Thus, we first define those QC entries that we are interested in:
```{r filters}
filters = c("Number of input reads", "Uniquely mapped reads %",
            "Number of splices: Total", "Number of splices: Non-canonical")
```

Now, let's generate some bar plots.
The following chunk of code is optimized for returning a composite image with four plots and one legend.
Note that the functions \texttt{PlottingAligmentResults} and \texttt{ExtractLegend} are part of the script that we sourced in the beginning.

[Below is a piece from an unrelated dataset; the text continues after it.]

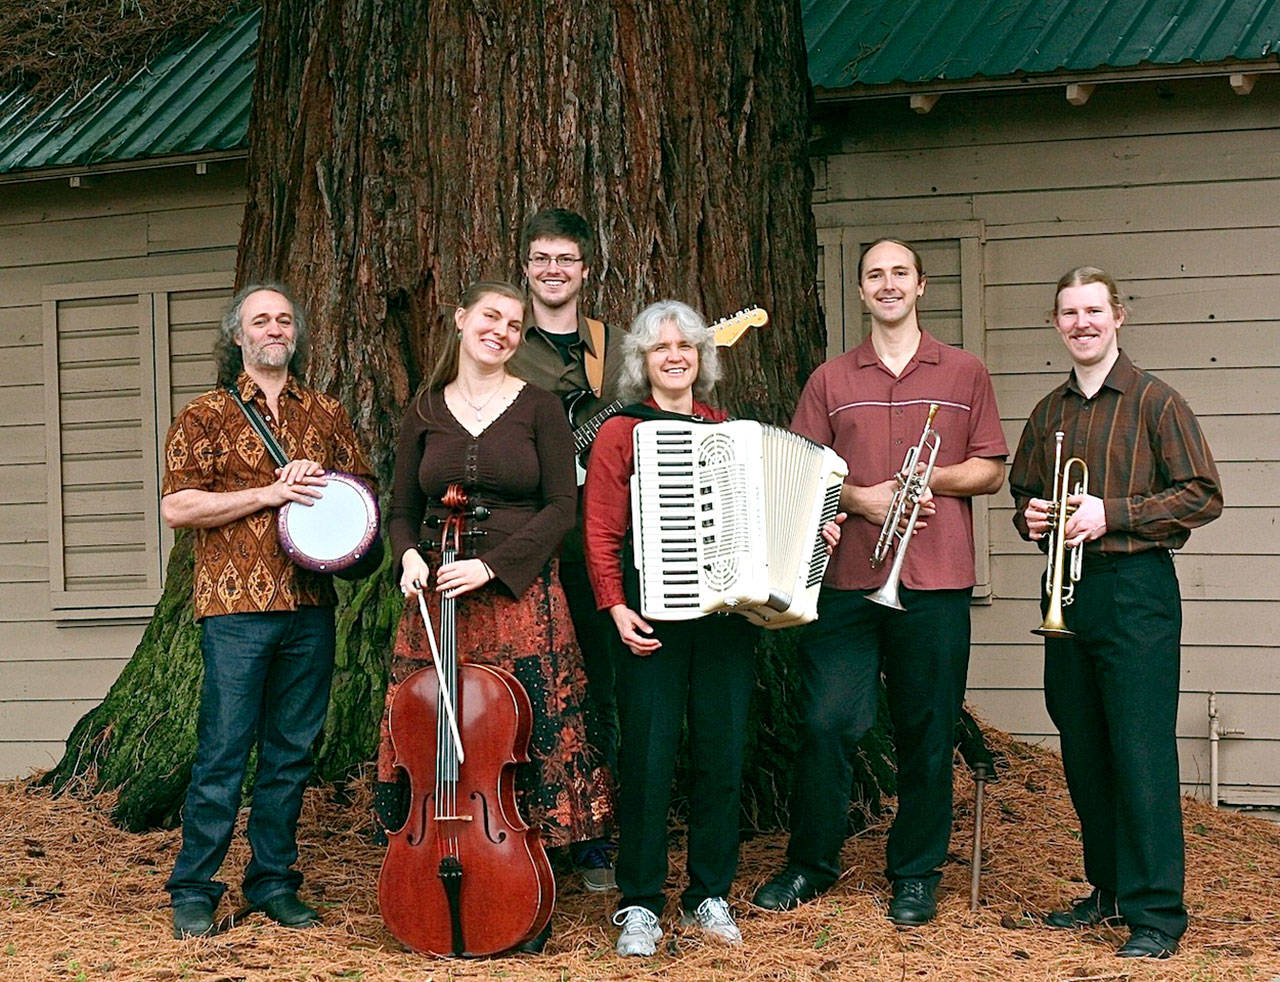 Kef, a Balkan dance band from Eugene, Ore., will perform at a Balkan folk music dance at the Palindrome, 1893 S. Jacob Miller Road in Port Townsend, from 7 p.m. to 10 p.m. Sunday.

```{r barPlots, fig.width = 13, fig.height = 10}
# for each entry in "filters", generate a bar chart
plots <- lapply(filters, function(x) 
  PlottingAlignmentResults(x, align.results.df, Legend = FALSE))

# getting the legend is a bit tricky (kudos to Luce for figuring it out)
my.legend <- ExtractLegend(PlottingAlignmentResults(align.results.df, 
                                             Filter = filters[1], 
                                             Legend=TRUE))

# combining plots and legend
grid.arrange(arrangeGrob(plots[[1]], plots[[2]], plots[[3]], plots[[4]], nrow=2),
             my.legend$legend, nrow=2,
             heights= unit.c(unit(1, "npc") - my.legend$lheight, my.legend$lheight)
             )
```

The dashed black line is the median value across all replicates of one condition.
There is quite a bit of variation for all four stats between the replicates. 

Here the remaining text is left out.